Kentucky: Mechanosensory hair cells in the inner ear pick up the softest sounds, such as whispers and distant noises. Unlike other cells in the human body, these sensory cells are fragile
and finite. At birth, the human ear contains approximately 15,000 of
these cells. They do not regenerate or divide and, therefore are
susceptible to permanent damage from exposure to loud sounds. Scientists
believe understanding the molecular mechanisms that maintain the
structure of these cells throughout the lifespan can provide insight
into the fundamental causes of hearing loss and deafness.
University of Kentucky physiologists Catalina Vélez-Ortega, Gregory
Frolenkov and their collaborators in the UK College of Medicine have
discovered a molecular mechanism necessary for stabilizing stereocilia,
the “hairs” of the sensory cells of the inner ear.
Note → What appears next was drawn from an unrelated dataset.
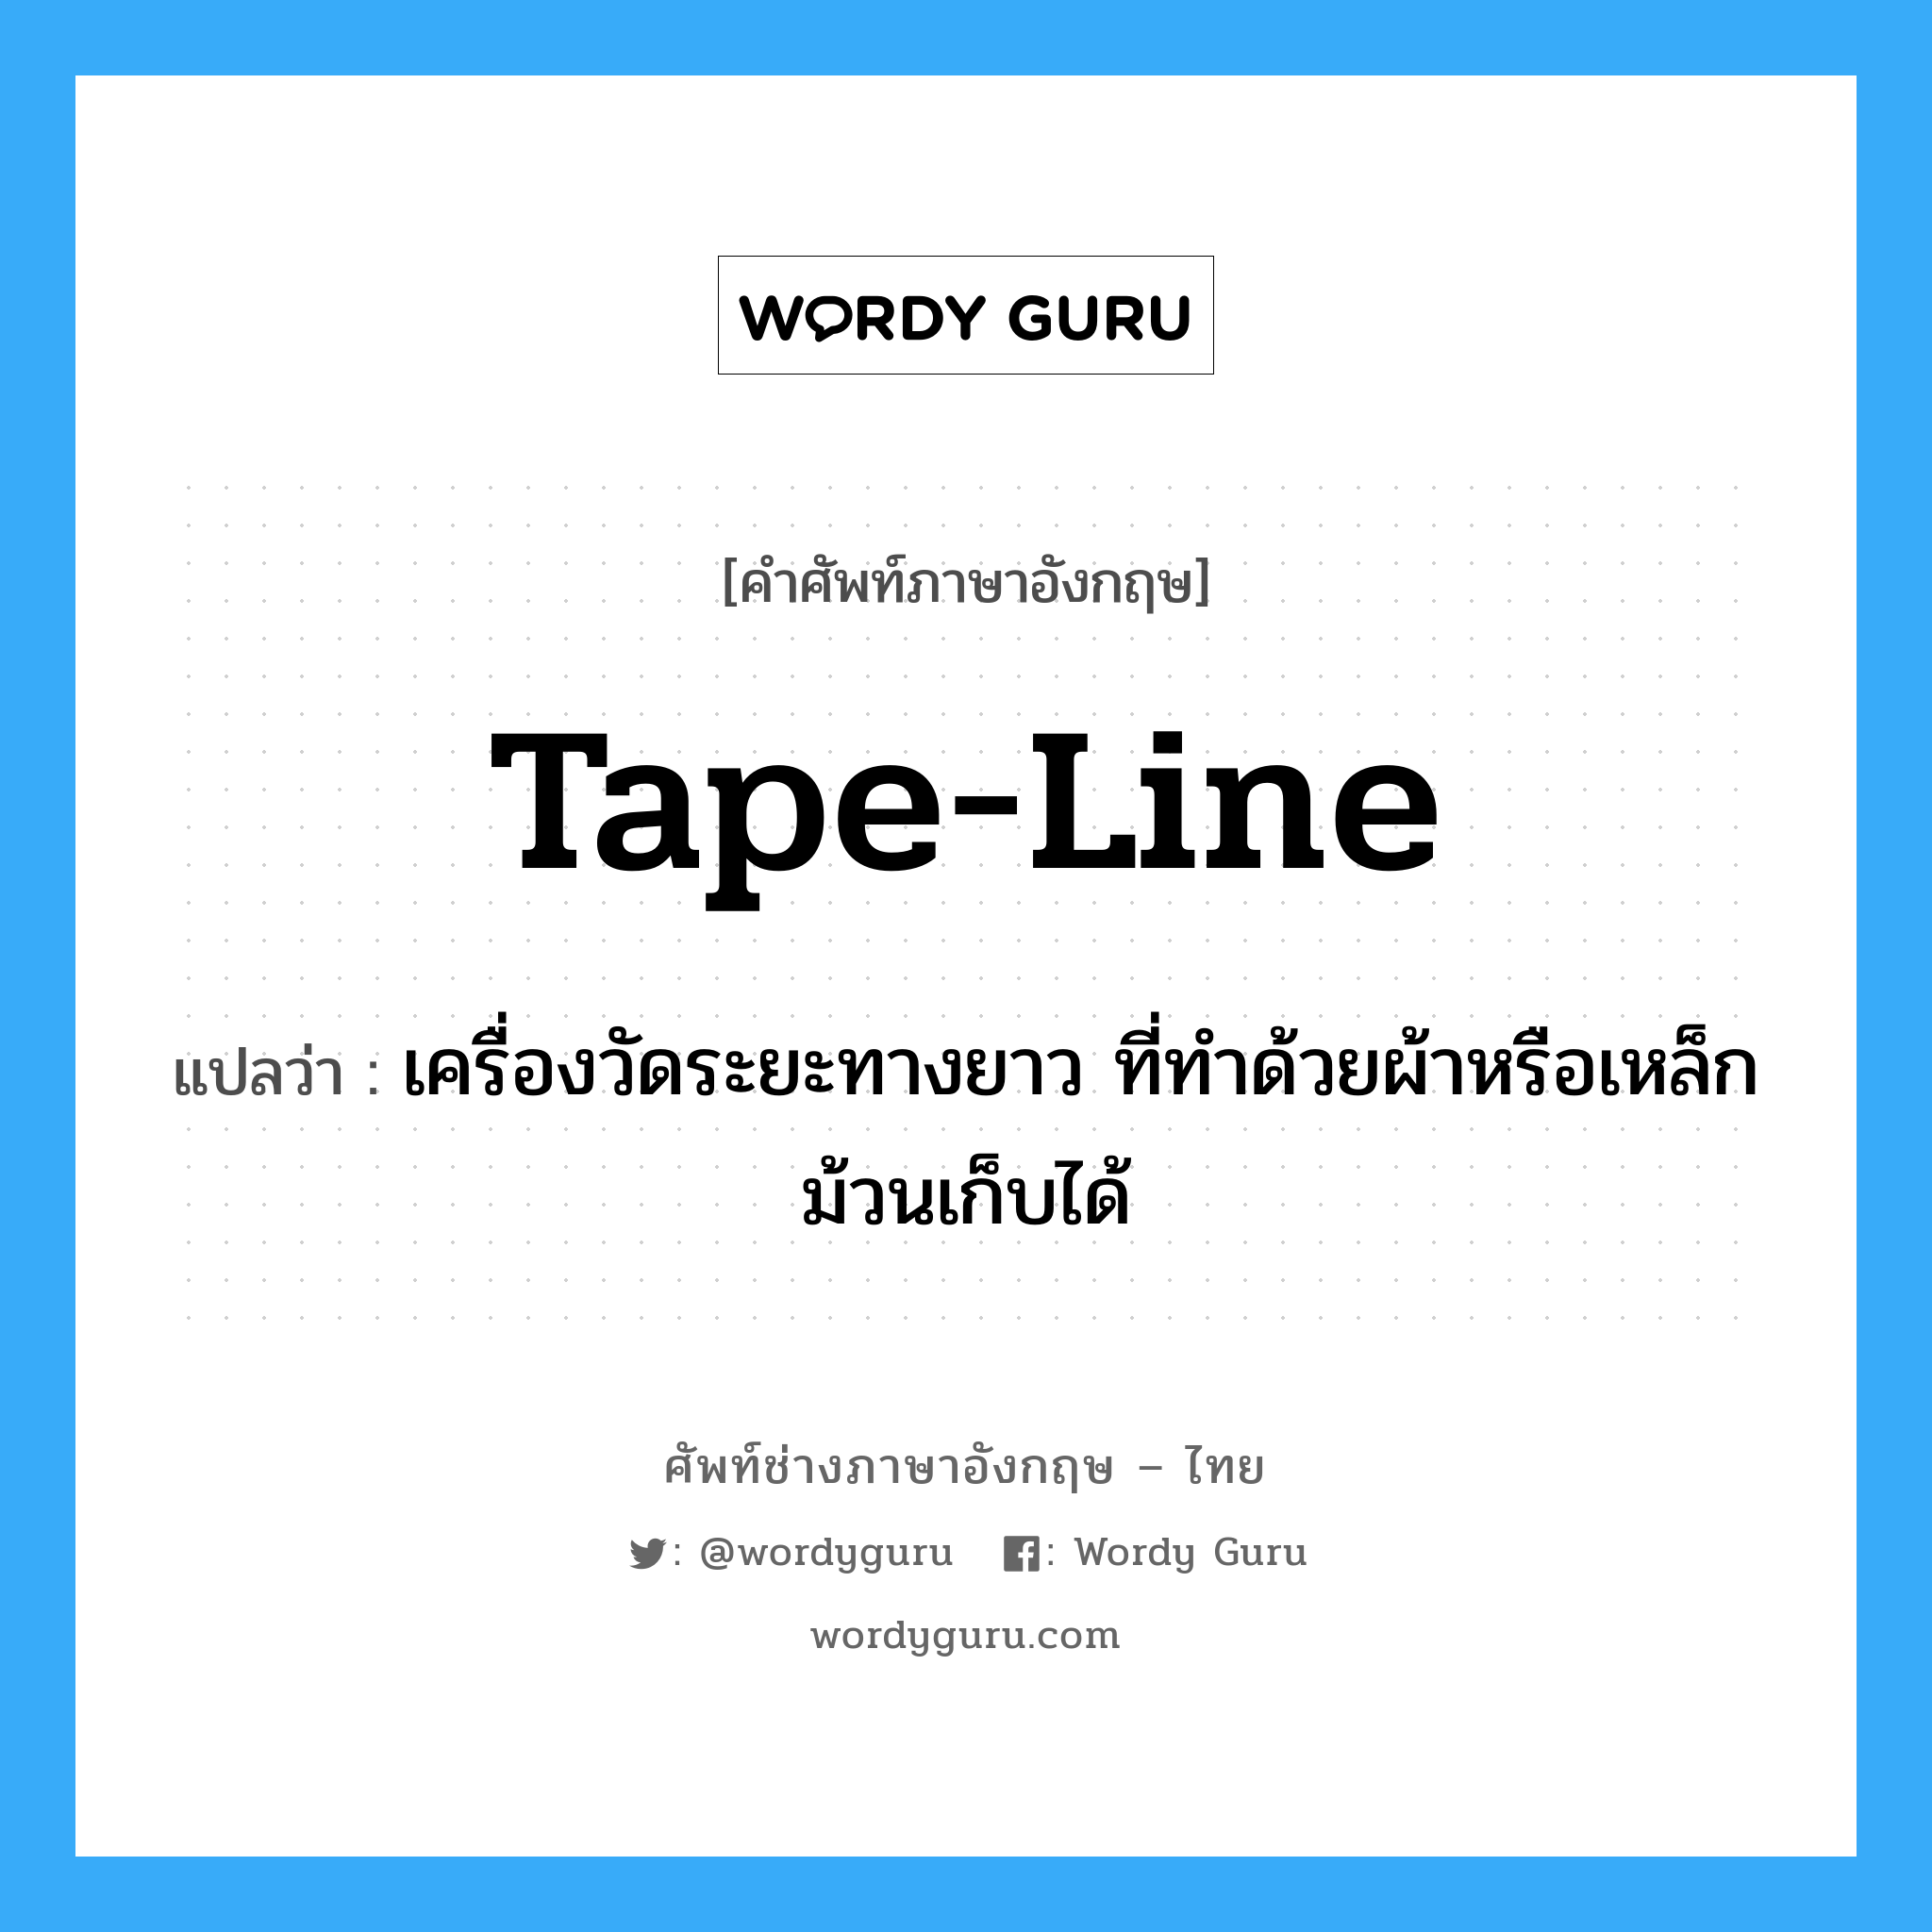 tape-line แปลว่า?, คำศัพท์ช่างภาษาอังกฤษ - ไทย tape-line คำศัพท์ภาษาอังกฤษ tape-line แปลว่า เครื่องวัดระยะทางยาว ที่ทำด้วยผ้าหรือเหล็กม้วนเก็บได้

Stereocilia are
nanoscale structures grouped together in staircase-like rows and
interconnected by extracellular filaments. Hearing happens when sound
vibrations deflect stereocilia, tension the extracellular filaments and
open mechanotransduction ion channels allowing calcium and other ions to
enter the hair cell.
Frolenkov’s team discovered that blockage of these channels cause the
stereocilia to retract and that this retraction depends on the calcium
influx through these channels. UK researchers uncovered the mechanism
maintaining the remarkable staircase-like architecture of the
stereocilia. This contribution provides new insight into the molecular
mechanisms that facilitate the detection of sound within the inner ear,
with opportunities to explore molecular therapies to maintain the
stereocilia structure.
This research will appear in an upcoming issue of eLife.